Но всё это пришло не сразу, много не сразу!..
…Мои первые неудачи и промахи в процессе овладения обязанностями палатной медсестры начались ещё до хирургического корпуса. Я уже работала в туберкулёзном, но иногда меня посылали поддежурить в какой-нибудь другой корпус.
Был у нас специальный корпус «доходяг». Таких же безнадёжных, как и наши туберкулёзники. Это был корпус дистрофиков — не помню, чтобы хоть кто-нибудь из них поправился и вышел из больницы. Я не работала в этом корпусе, но мне приходилось несколько раз заменять там сестру, и это было ужасно.
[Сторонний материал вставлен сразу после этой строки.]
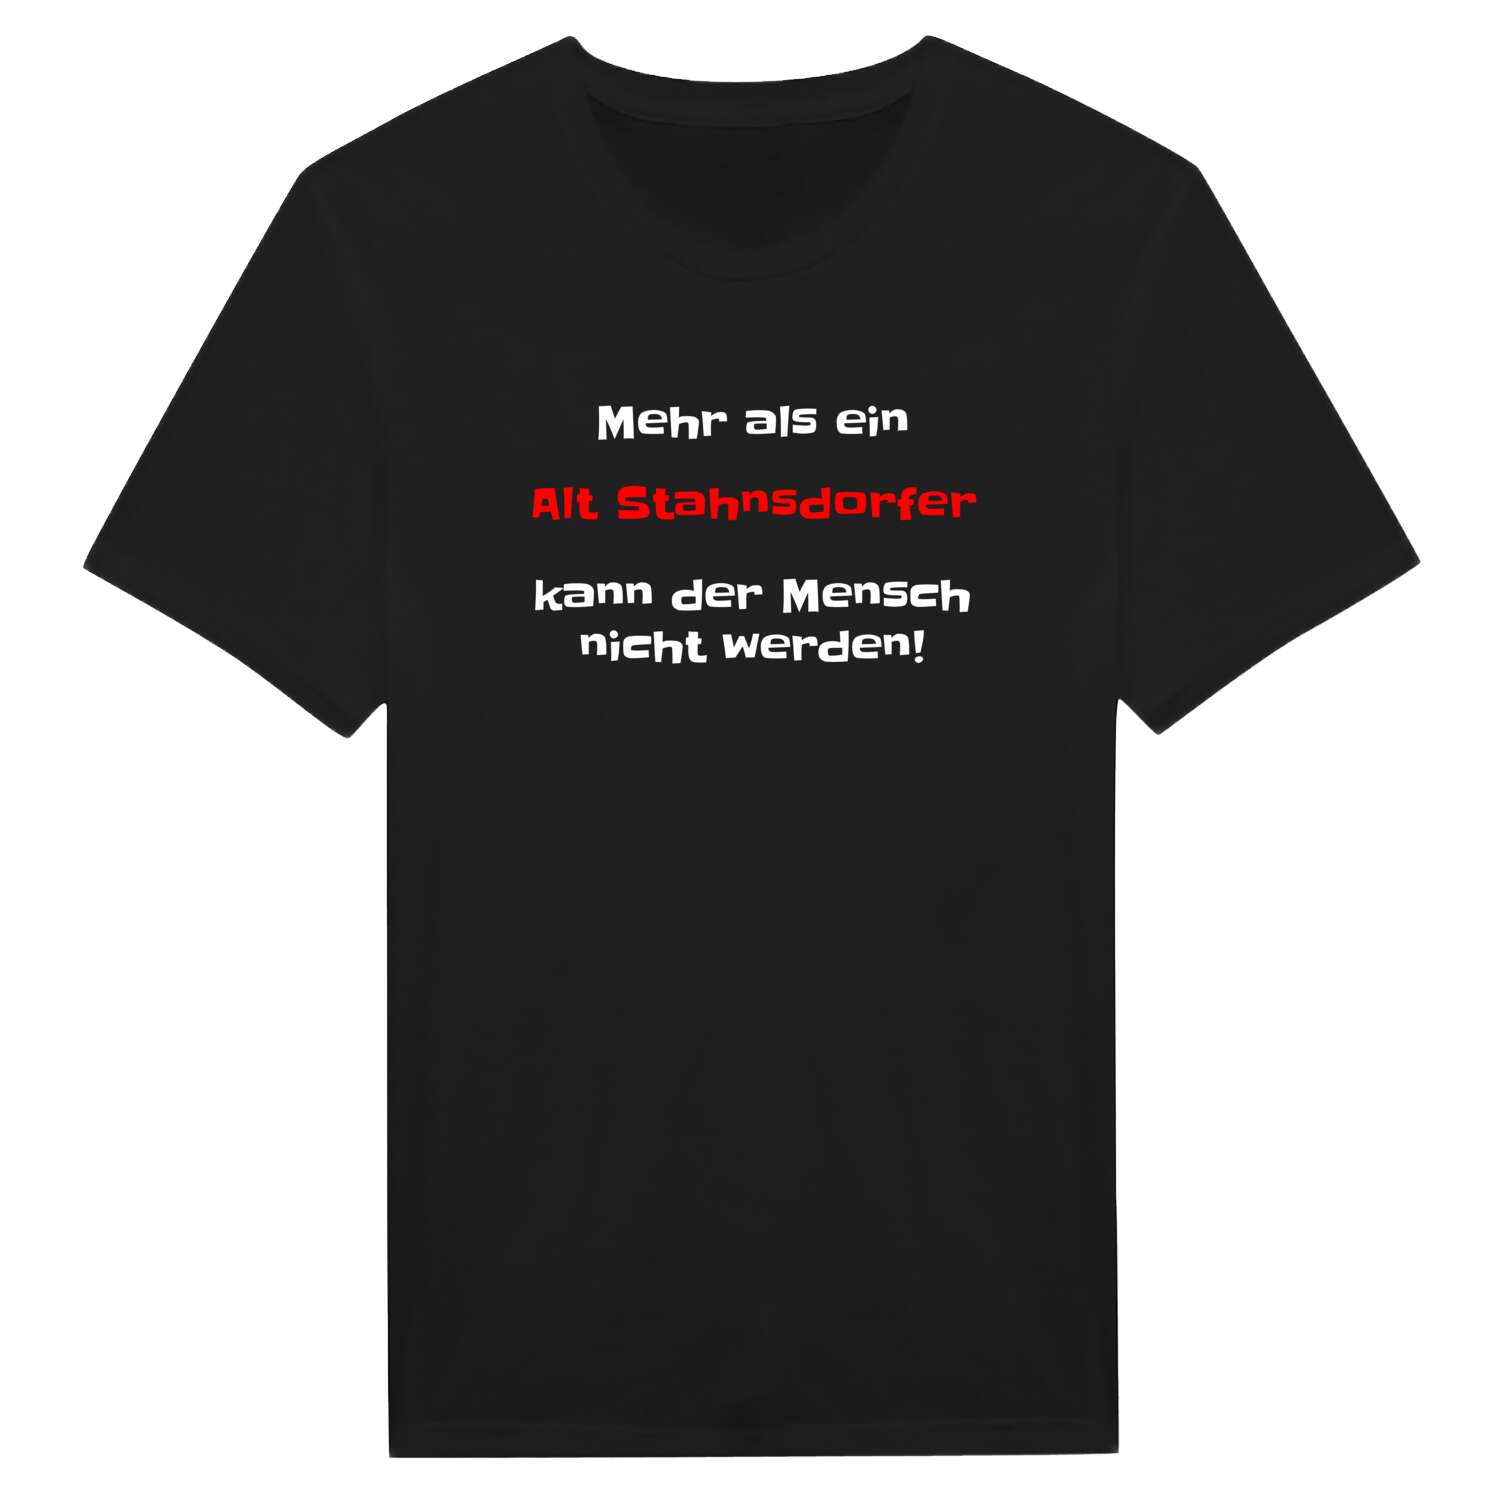 Alt Stahnsdorf T-Shirt »Mehr als ein«

Болезнь, с которой лежали эти тощие, умирающие люди, носила звучное и даже красивое название — пеллагра. Её признаками считалось полное истощение — дистрофия, и тёмные твёрдые «кожаные» пятна на коленях, на локтях, на ягодицах.
Кроме звучного названия болезни, всё остальное было уродливо и отвратительно. Больных было слишком много даже для двух этажей отдельного корпуса, и это был единственный корпус, где в палатах была «вагонка» вместо кроватей, и те, кто был ещё в силах залезть, размещались на верхних нарах.
В палатах, больше похожих на тюремные камеры, не хватало воздуха. Открывать форточки не давали сами больные, те, кто лежал у окна. Вместе с тем, зловоние было нестерпимым. К дистрофии неизбежно присоединялись поносы, и в каждой палате стояло деревянное кресло с дырой в сидении, под которой стояло ведро. Санитары не успевали выносить вёдра и подкладывать судна тем, которые уже не в состоянии были добраться до кресла. Таков был дистрофический или «пеллагрозный» корпус.
К счастью, мне не пришлось в нём работать, но одно моё дежурство там ознаменовалась трагикомическим происшествием, запомнившимся мне на всю жизнь. Правда, сейчас, в свете прошедших десятилетий, оно вспоминается скорей в комических тонах.
Как я уже упомянула, в палатах этого корпуса была вагонка — сплошные двухэтажные нары. Я вхожу в палату измерять температуру. Хотя заранее известно, что больше 35-ти с десятыми ни у кого не бывает, но так уж положено: больные должны чувствовать себя больными и верить в магические таинства медицины, в том числе, и в таинство измерения температуры.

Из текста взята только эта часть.